The GOP Grumbles (Mostly)
Trump’s trade policies have met with a mixed response from prominent Kentucky Republicans. Although the state’s governor, Matt Bevin, dismissed the tariffs as harmless (a point of view no one in the American Whiskey industry shares), Congressman Andy Barr (R-KY) of Lexington has been pressing his concerns over damage the bourbon industry may suffer with Treasury Secretary Steven Mnuchin and Trump’s economic advisers. Barr has indicated that not just bourbon, but also the state’s automotive industry and its agricultural sector are set to see any potential benefits realized from the 2017 Republican tax cuts wiped out in a trade war.

Senator McConnell has also warned that the tariffs would prove damaging to the economy, although he has been criticized in some circles for not doing so more forcefully. The state’s junior senator, Rand Paul, is also among the critics, warning that a trade war would deal a “major blow” to Kentucky’s economy.

Trade War Already Drawing Blood
All of this is coming during the “Bourbon Boom,” a period that has scene the renaissance of American Whiskey, both with big distillers and a surging “craft whiskey” sector of small and mid-sized companies. Although the boom was born in the domestic market, the industry as a whole has looked to expanding exports as the means to sustain sales growth in the long term.

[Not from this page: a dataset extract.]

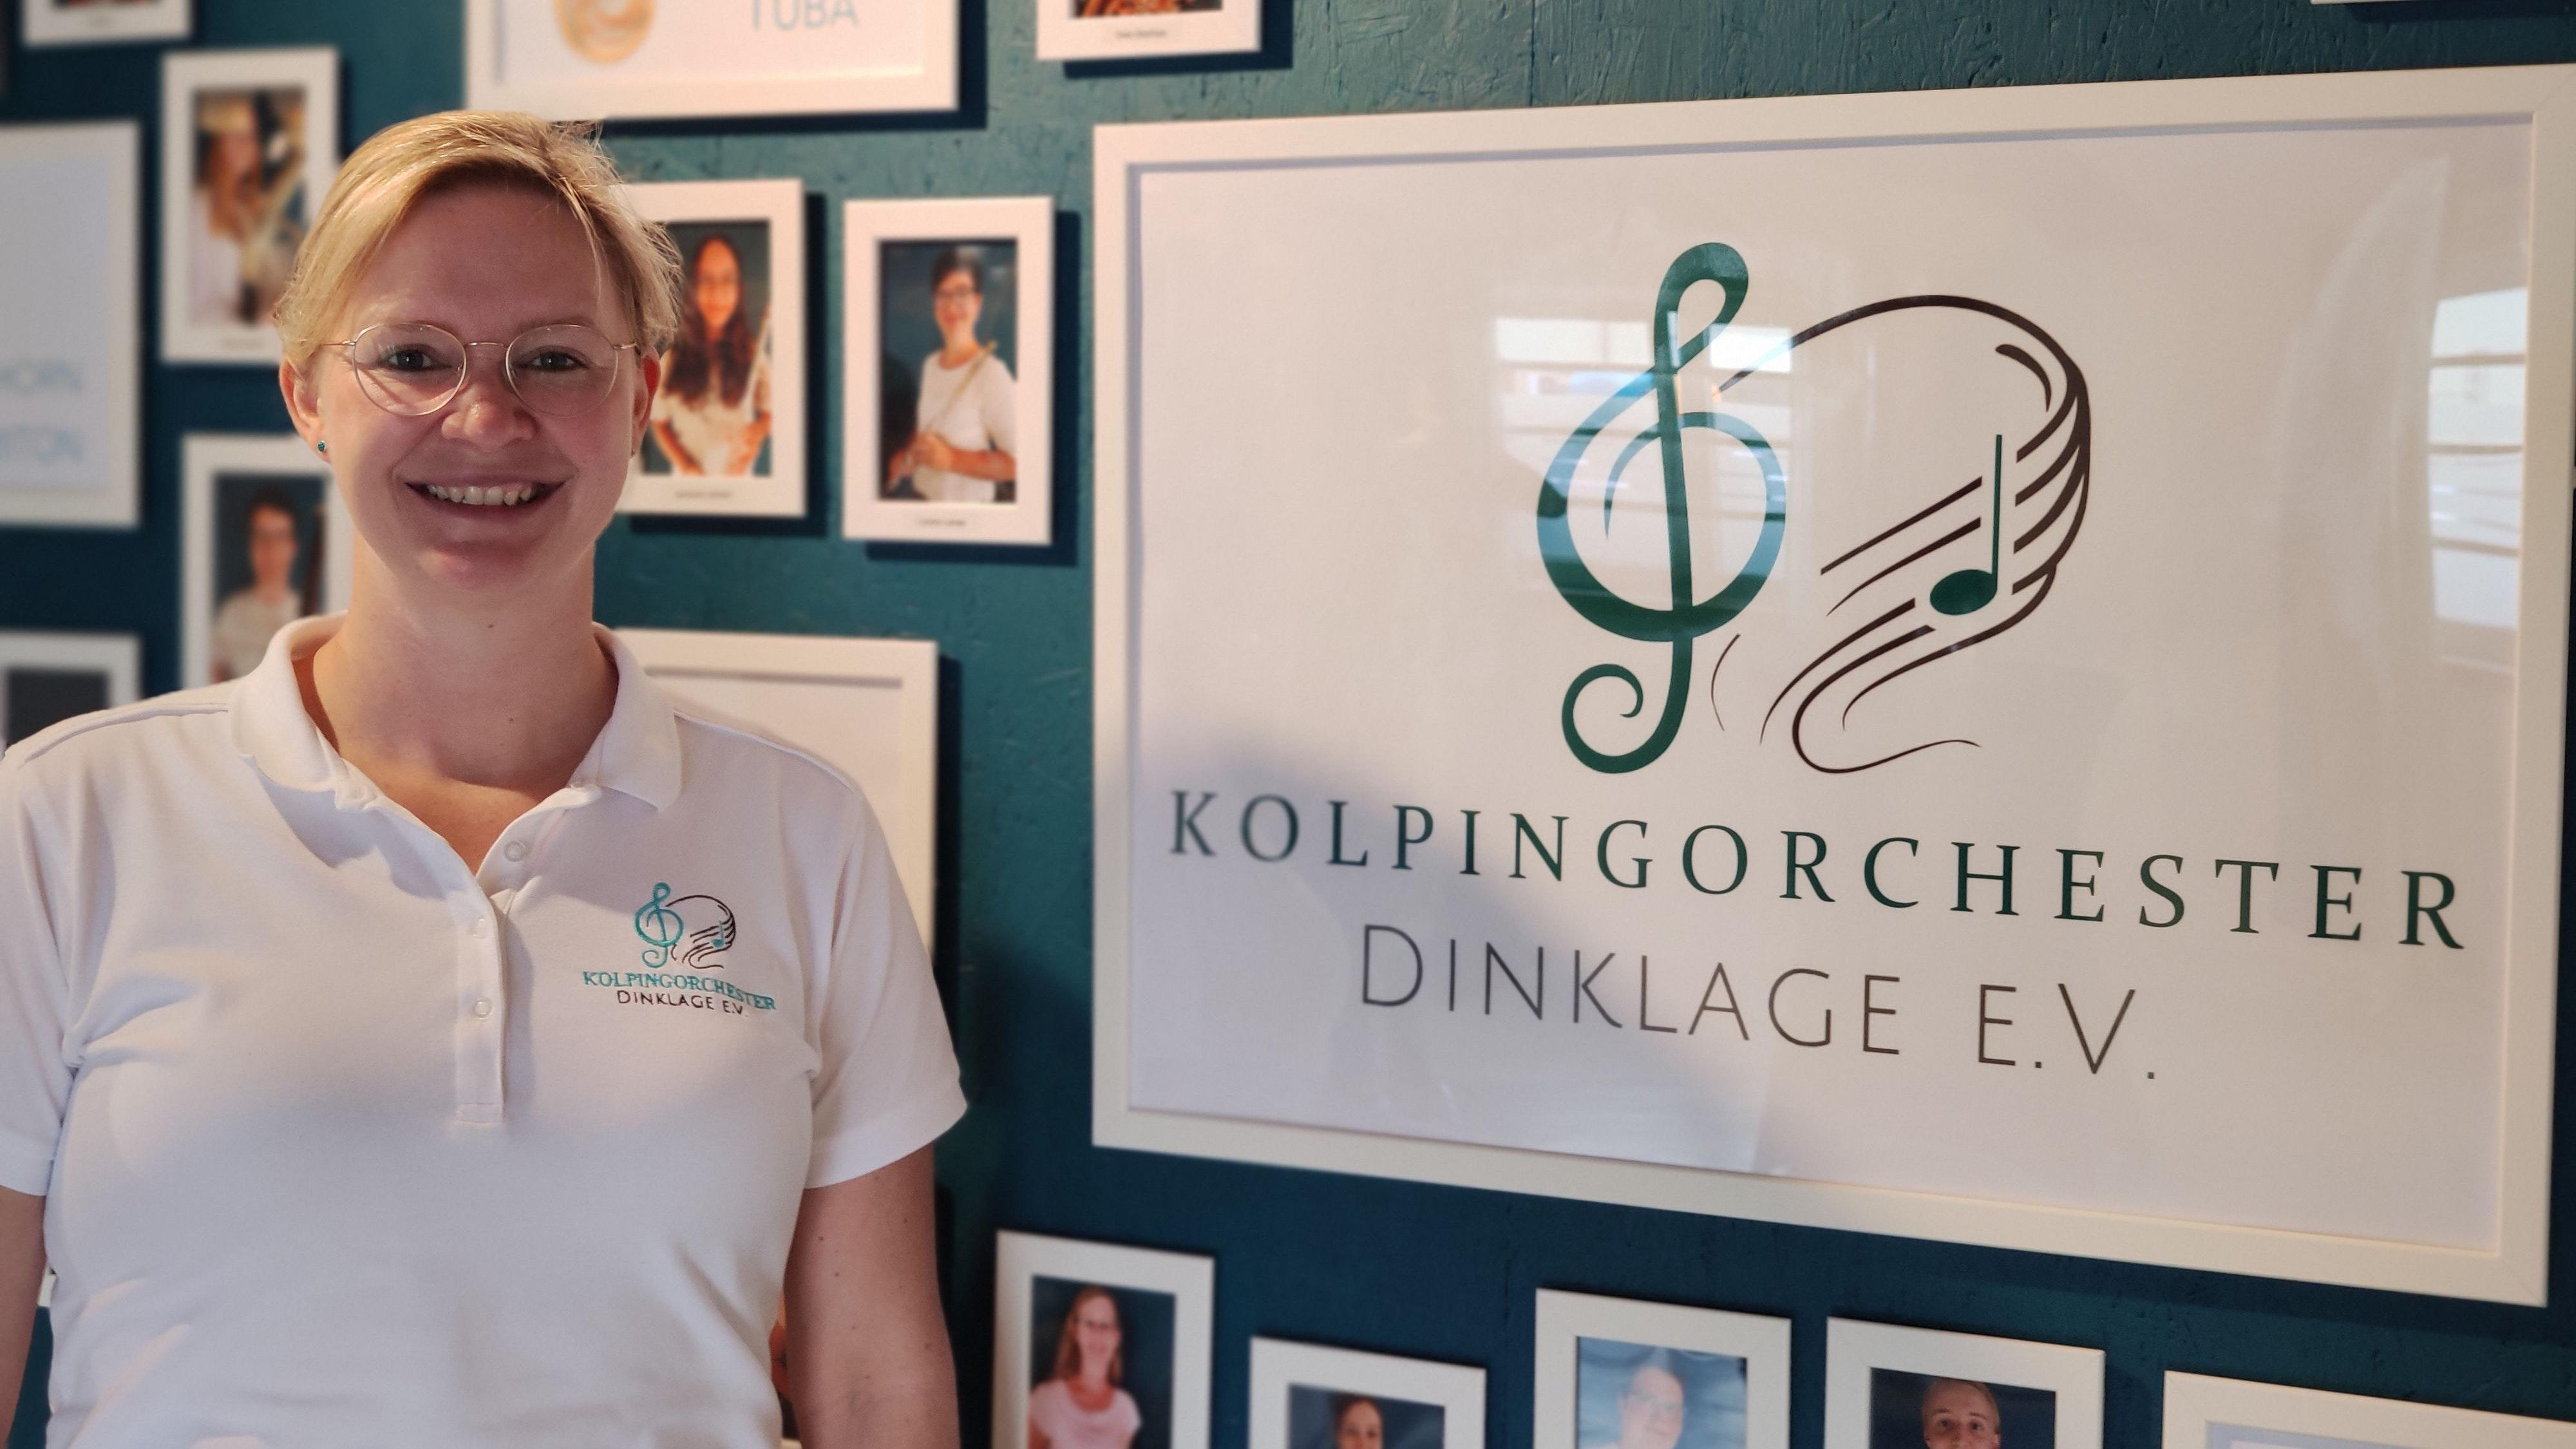 Sichtlich zufrieden:In den neuen Räumen des Kolpingorchesters begrüßte die Vorsitzende Christine Lier die interessierte Öffentlichkeit. Foto: Röttgers

One need only look at what has already happened in just the first few months of the incipient trade war to see how tariffs of just 10 to 25% have impacted American distillers great and small. The big distillers responded in the short term by stocking up their foreign warehouses before the new taxes were in effect, but brands like Jack Daniel’s are already planning to raise prices. Meanwhile, smaller distillers from Virginia to Washington State have been forced to postpone or abandon plans to expand foreign distribution or seen foreign orders cancelled.